In Re Norma M.

77 Cal. App. 3d 110, 143 Cal. Rptr. 412
CourtCalifornia Court of Appeal
DecidedJanuary 9, 1978
Docket49438
StatusPublished
Cited by12 cases

This text of 77 Cal. App. 3d 110 (In Re Norma M.) is published on Counsel Stack Legal Research, covering California Court of Appeal primary law. Counsel Stack provides free access to over 12 million legal documents including statutes, case law, regulations, and constitutions.

Bluebook
In Re Norma M., 77 Cal. App. 3d 110, 143 Cal. Rptr. 412 (Cal. Ct. App. 1978).

Opinion

77 Cal.App.3d 110 (1978)
143 Cal. Rptr. 412

In re NORMA M. et al., Minors.
LOS ANGELES COUNTY DEPARTMENT OF ADOPTIONS, Petitioner and Respondent,
v.
LILLIAN D., Objector and Appellant.

Docket No. 49438.

Court of Appeals of California, Second District, Division Two.

January 9, 1978.

*111 COUNSEL

Paul Arthur Turner, under appointment by the Court of Appeal, for Objector and Appellant.

*112 John H. Larson, County Counsel, Lester J. Tolnai, Sterling R. Honea and Allyson Bilich Davidson, Deputy County Counsel for Petitioner and Respondent.

OPINION

COMPTON, J.

Lillian D. appeals from an order of the superior court which order declared three of her minor children to be free of parental custody and control pursuant to Civil Code section 232.[1]

*113 Appellant is a woman, who, as of the time of this writing, is approximately 37 years old.
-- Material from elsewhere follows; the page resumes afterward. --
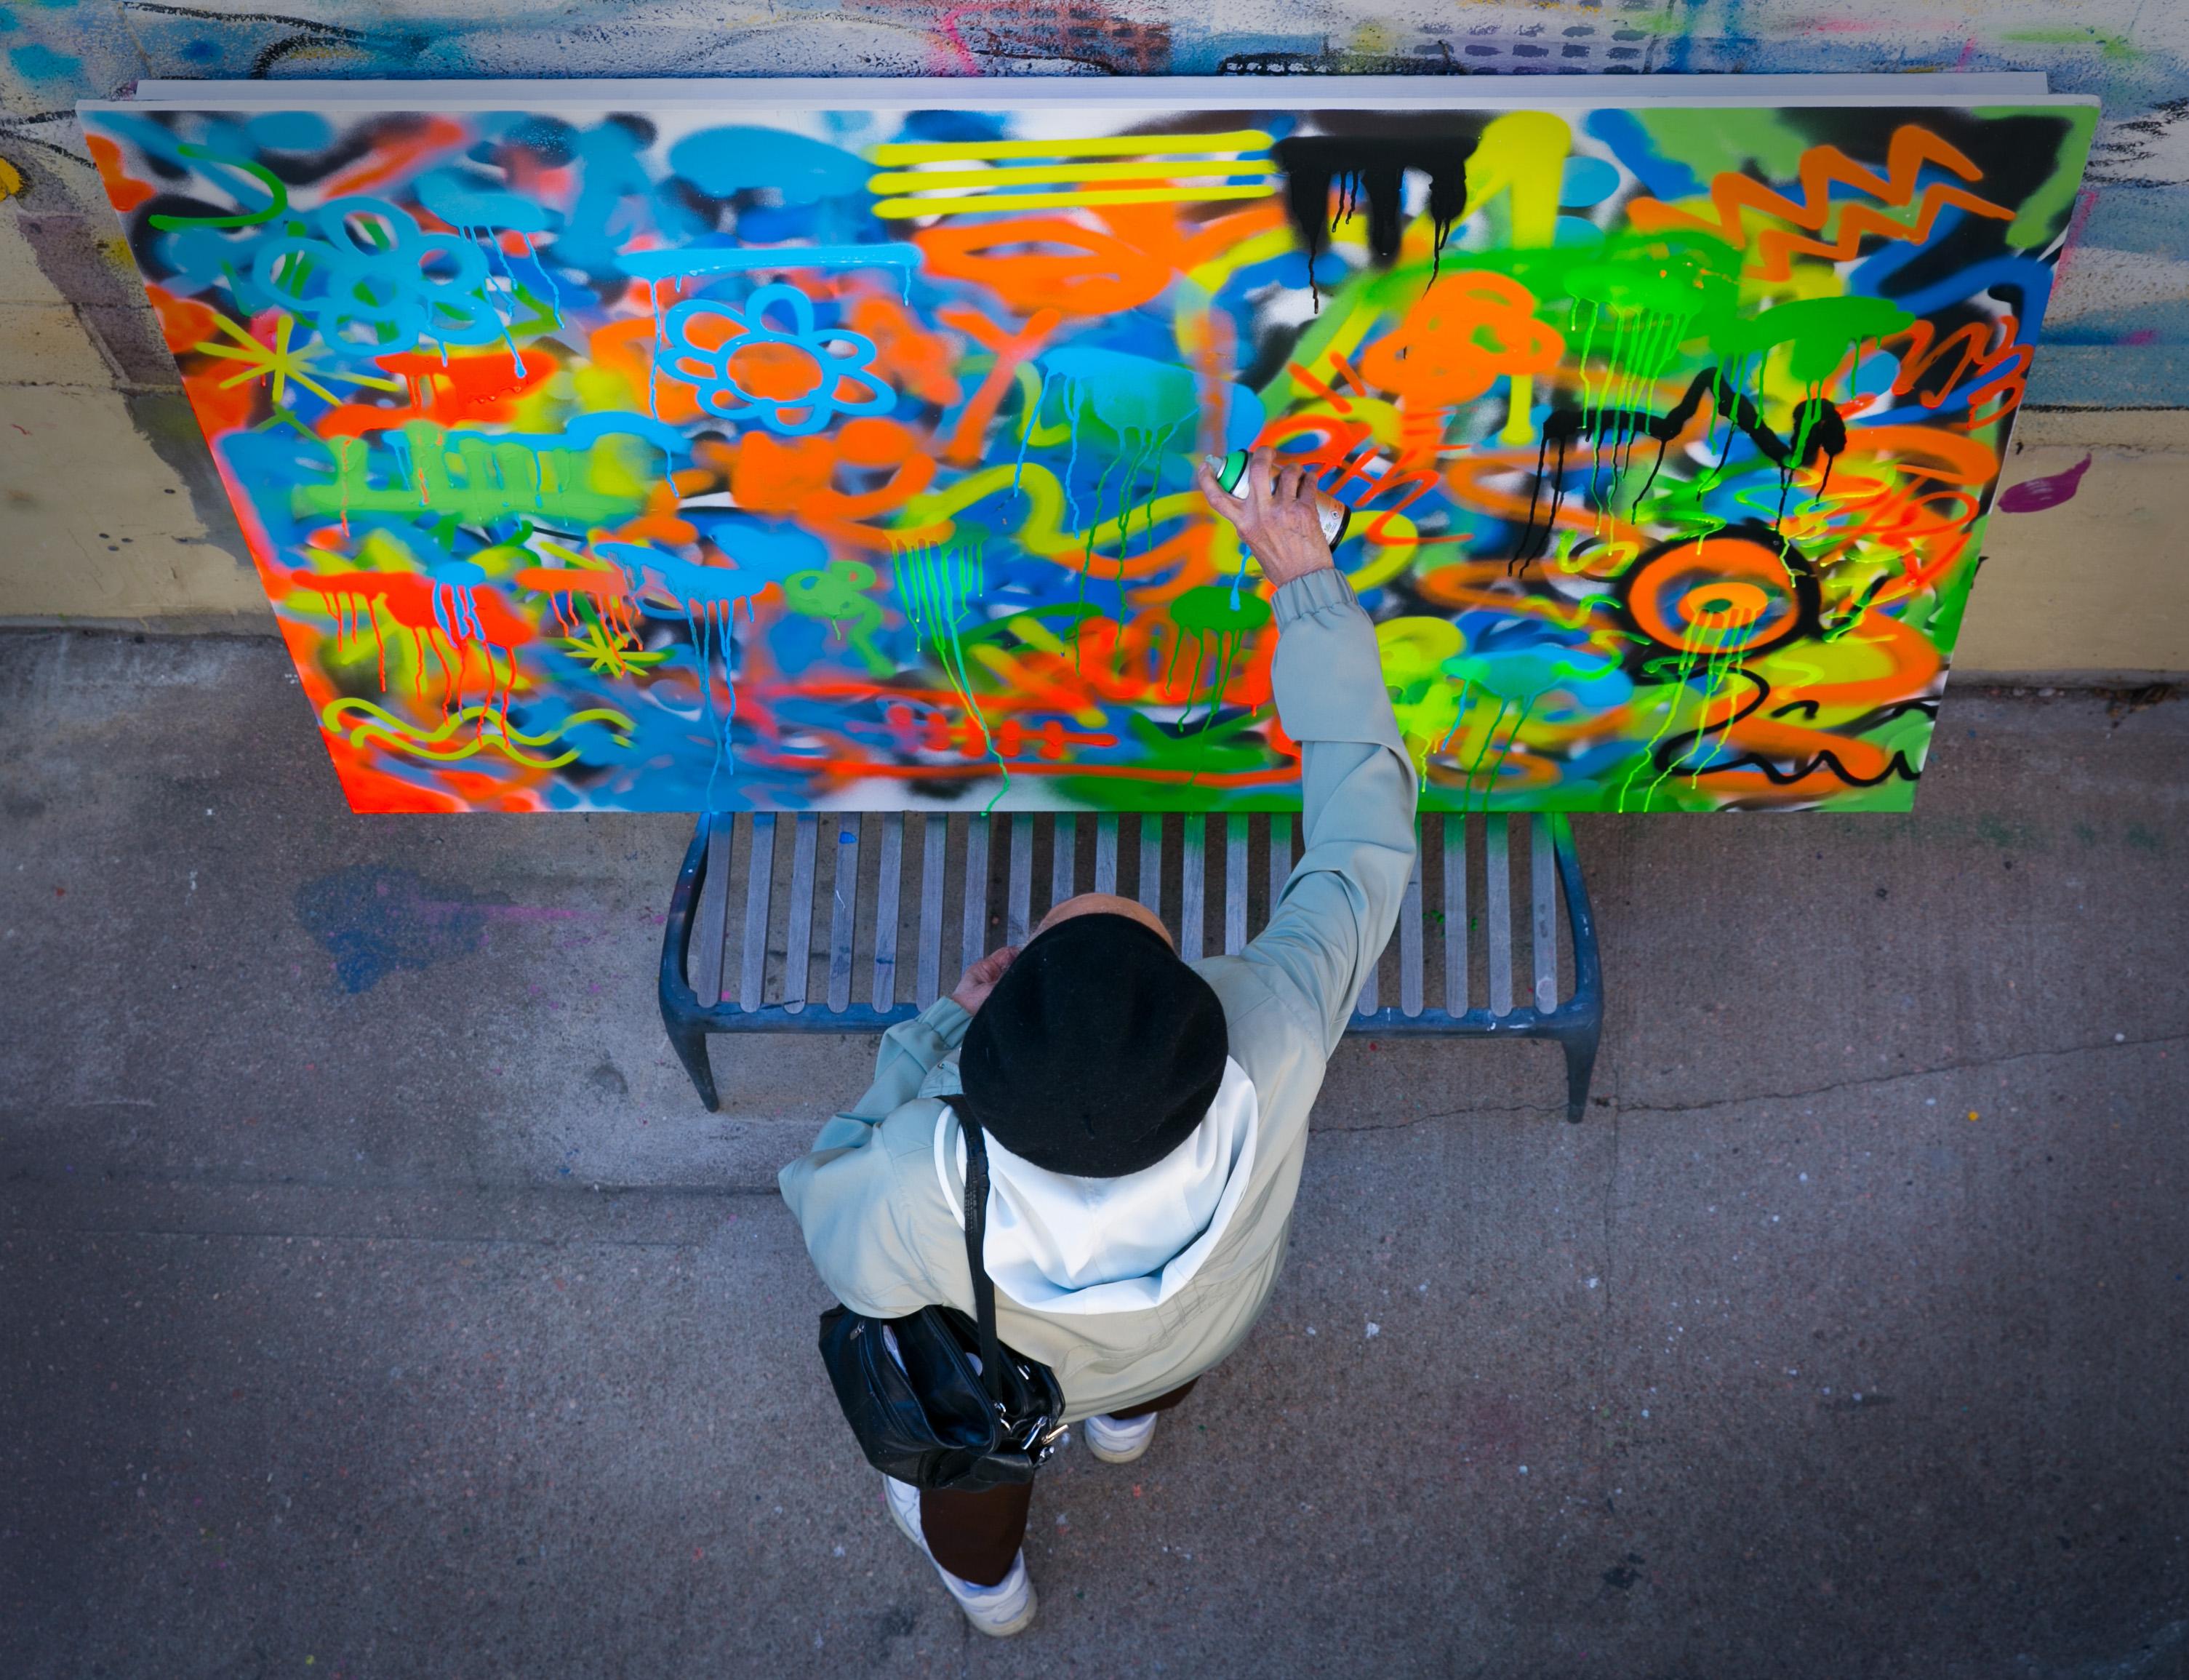 Photo: Granny Does Graffiti at VSA Gallery EXTRA

According to the probation report which was received in evidence at the hearing on the petition, she has had one marriage and divorce and four "alliances." As a result of these relationships she has borne nine children all of whom were, at very early ages, placed with a county agency or other persons to be cared for.

The three children that are the subject of this present petition were born of "alliances" between appellant and two different men, Roger M. and Manuel A.
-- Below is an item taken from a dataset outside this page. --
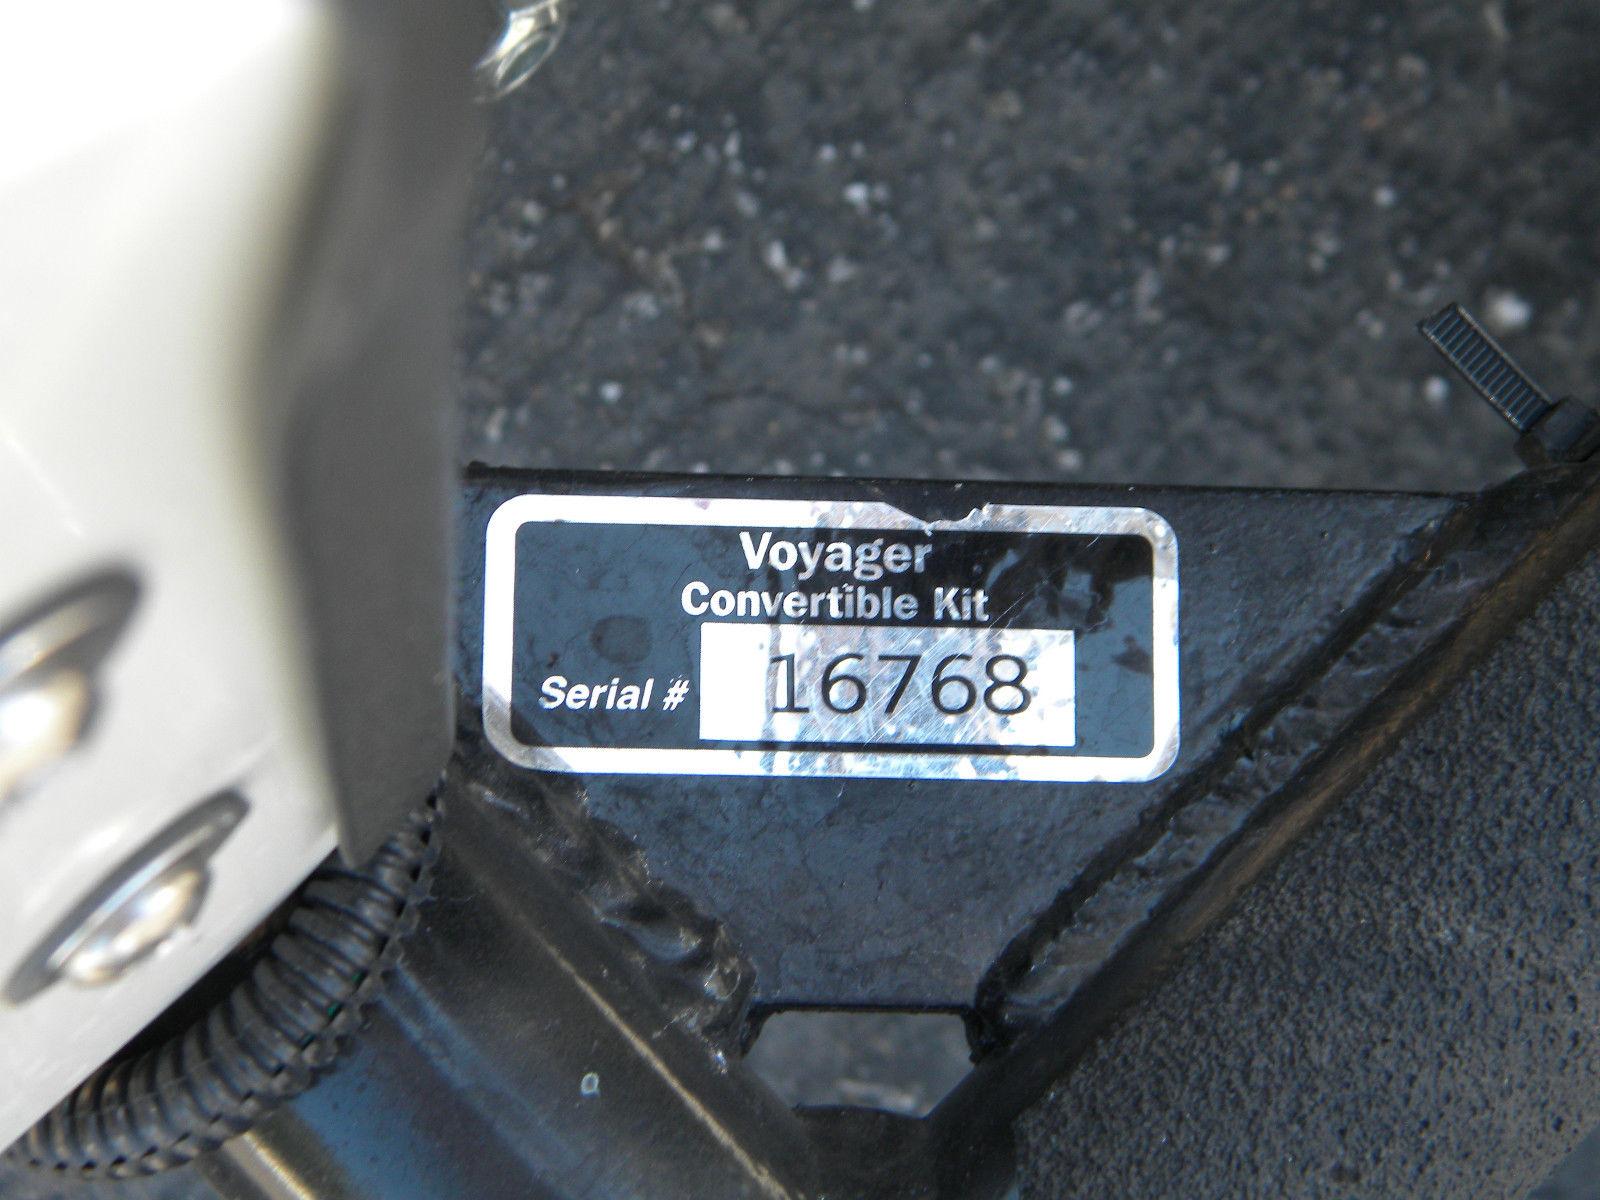 650 Burgman Voyager Trike Three 3 Wheeler Many Extras Low Miles Kit Wiring Diagram Price Us 750000

*114 Norma M., age 13, is the oldest of the three. When appellant was six months pregnant with Norma, the father, Roger M., was returned to Texas and convicted of armed robbery. He apparently has never returned from Texas.

Manuel A. and Gilbert S., 12 and 11 years of age respectively, are appellant's seventh and eighth children. Their father, at the time of their conception, was married and had seven other children. These children along with their mother are all being supported by the county department of public social services. The father is in Texas.

In 1964, when Norma was one month old, appellant left her with a friend for a short period. In March of that year appellant placed Norma with appellant's sister who cared for the child for nine years. When the sister divorced her husband Norma was placed in a county-sponsored foster home. She is now eligible for adoption.

The two boys, Gilbert and Manuel, have been in foster homes since they were five and six years old respectively.

Appellant has had no contact with Norma since early 1974. During the period of December 1971 to April 1975, appellant had three contacts with the two boys. One of these contacts was a meeting arranged by the Los Angeles County Department of Adoptions.

This matter was referred to the department of adoptions by the department of public social services in March of 1974. Subsequently, the department of adoptions made numerous efforts to contact appellant to discuss the matter of adoption. Appellant responded only once, that being in October of 1974.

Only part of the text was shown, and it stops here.